Beispiel 2: Wenn ein Patient mit einem Symptom kommt, das nicht sofort einer Erkrankung zugeordnet werden kann, dann wird das Symptom kodiert. Basta. Was ist daran so kompliziert? Man kann auch zusätzlich die vermutete Erkrankung mit "V" codieren. Oder abwarten, bis man die Diagnose gesichert hat und erst dann mit "G" codieren. Es soll jedenfalls genau das abgebildet werden, was man hat. Nicht mehr und nicht weniger. Dass dadurch angeblich der hausärztliche Alltag verzerrt abgebildet würde, ist eine jener Behauptungen der Ärztezeitung, die man nur mit Kopfschütteln zur Kenntnis nehmen kann.

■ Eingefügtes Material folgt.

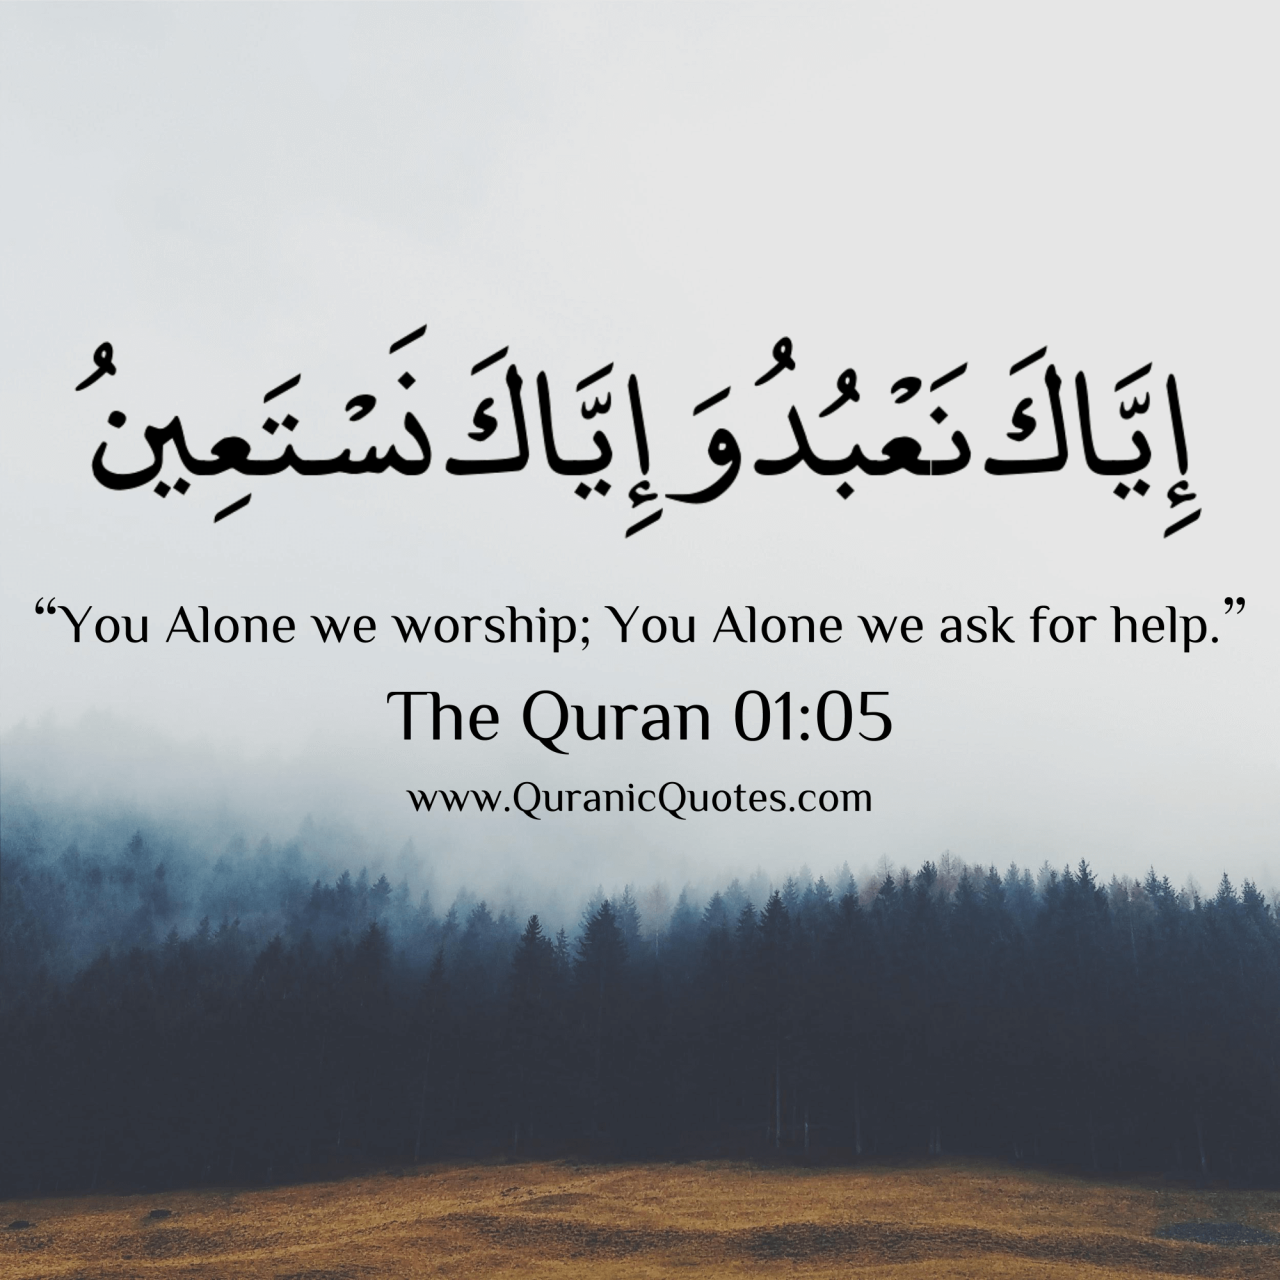 Quranic Quotes - #150 The Quran 01:05 (Surah al-Fatiha) “You Alone...
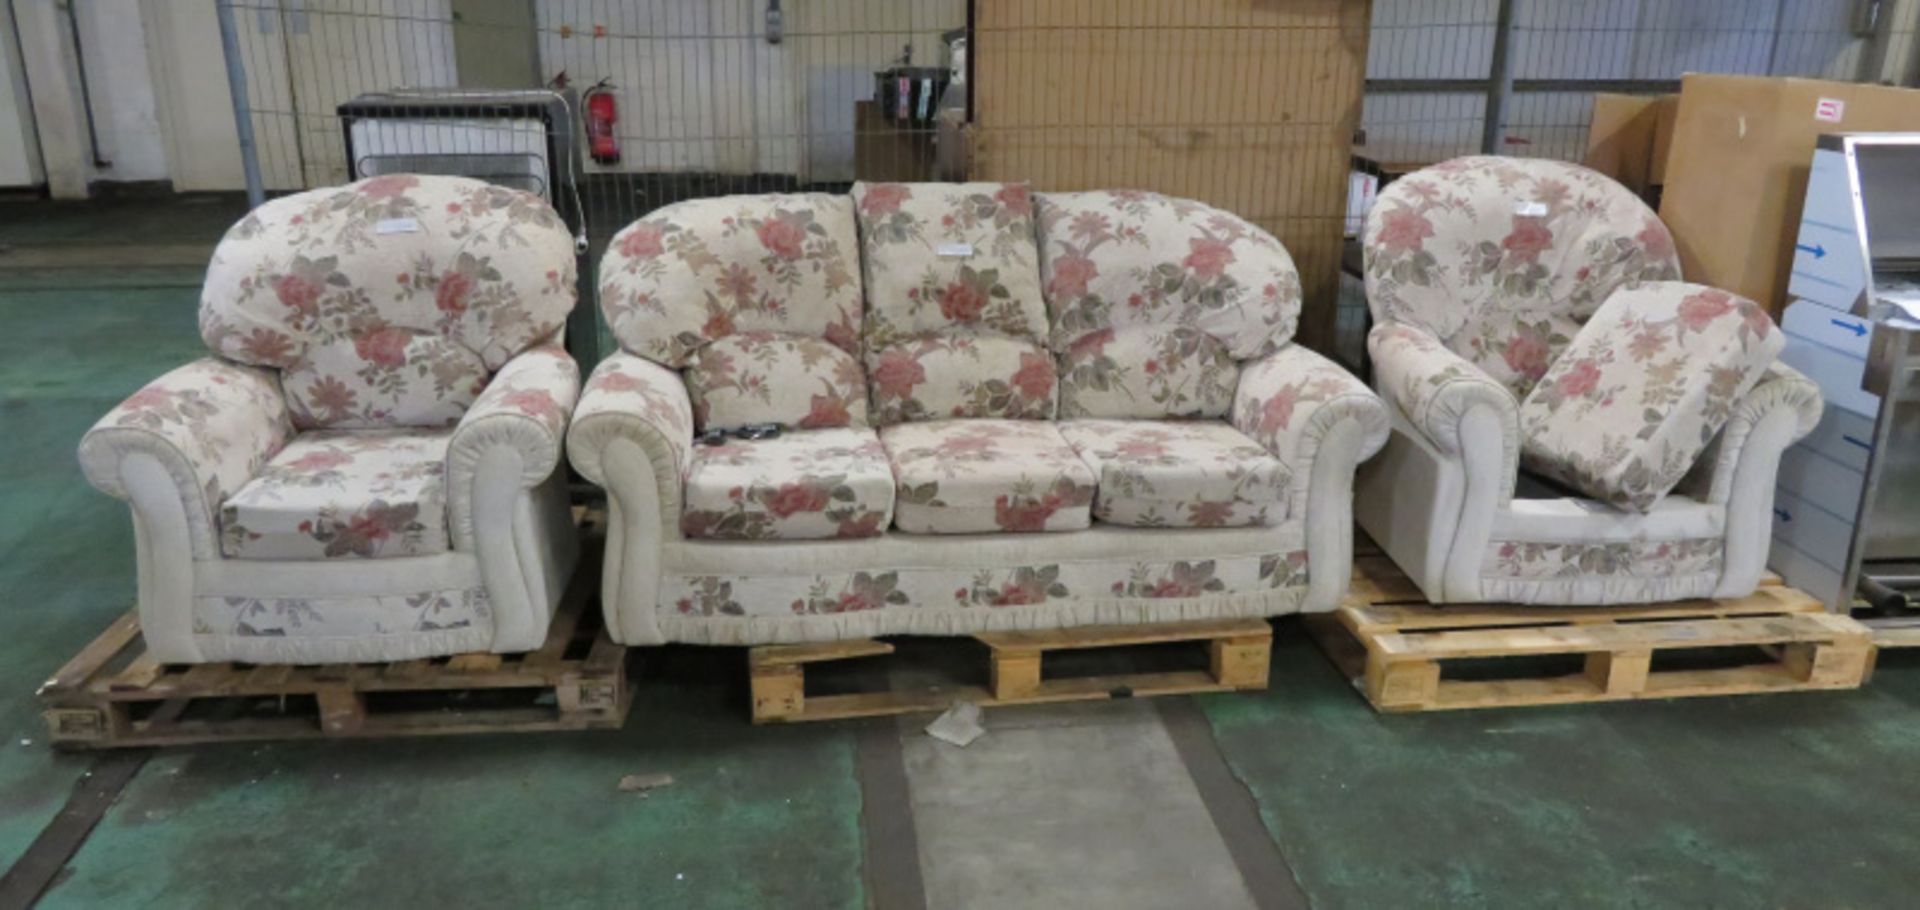 3 Piece Sofa & Chair Set - Sofa - L 1850mm x D 860mm x H 900mm, Chairs - L 950mm x D 820mm x H 950mm

Beispiel 3: Die ICD-Codes. Sie sind seit Jahren bekannt und ändern sich auch nicht. Zusätzlich wurde den Hausärzten eingeräumt bei der maximal vierstelligen Kodierung zu bleiben, auch wenn die Spezifität der Kodierung darunter erheblich leidet.

Ich bitte Sie vor allem um Eines: versuchen Sie doch bitte, Ihrem journalistischen Auftrag gerecht zu werden und beschränken Sie sich anstelle von Polemik und falschen Informationen auf die harten Fakten.

Ohne Frage: die Einführung der AKR ist für alle Ärzte mit einem initialen Mehraufwand verbunden! Sicherlich ist das A und O eine gut funktionierende Software! Sicherlich könnte man sich vorstellen, das eine oder andere Thema kodiertechnisch noch zu vereinfachen! Das heißt aber noch lange nicht, dass man die AKR a priori verdammen sollte. Eine korrekte Abbildung des Behandlungsaufwands und der Morbidität ist gesetzlich geboten und sollte für jeden Arzt eine Selbstverständlichkeit sein. Die AKR bieten dafür eine sehr gute Ausgangsposition.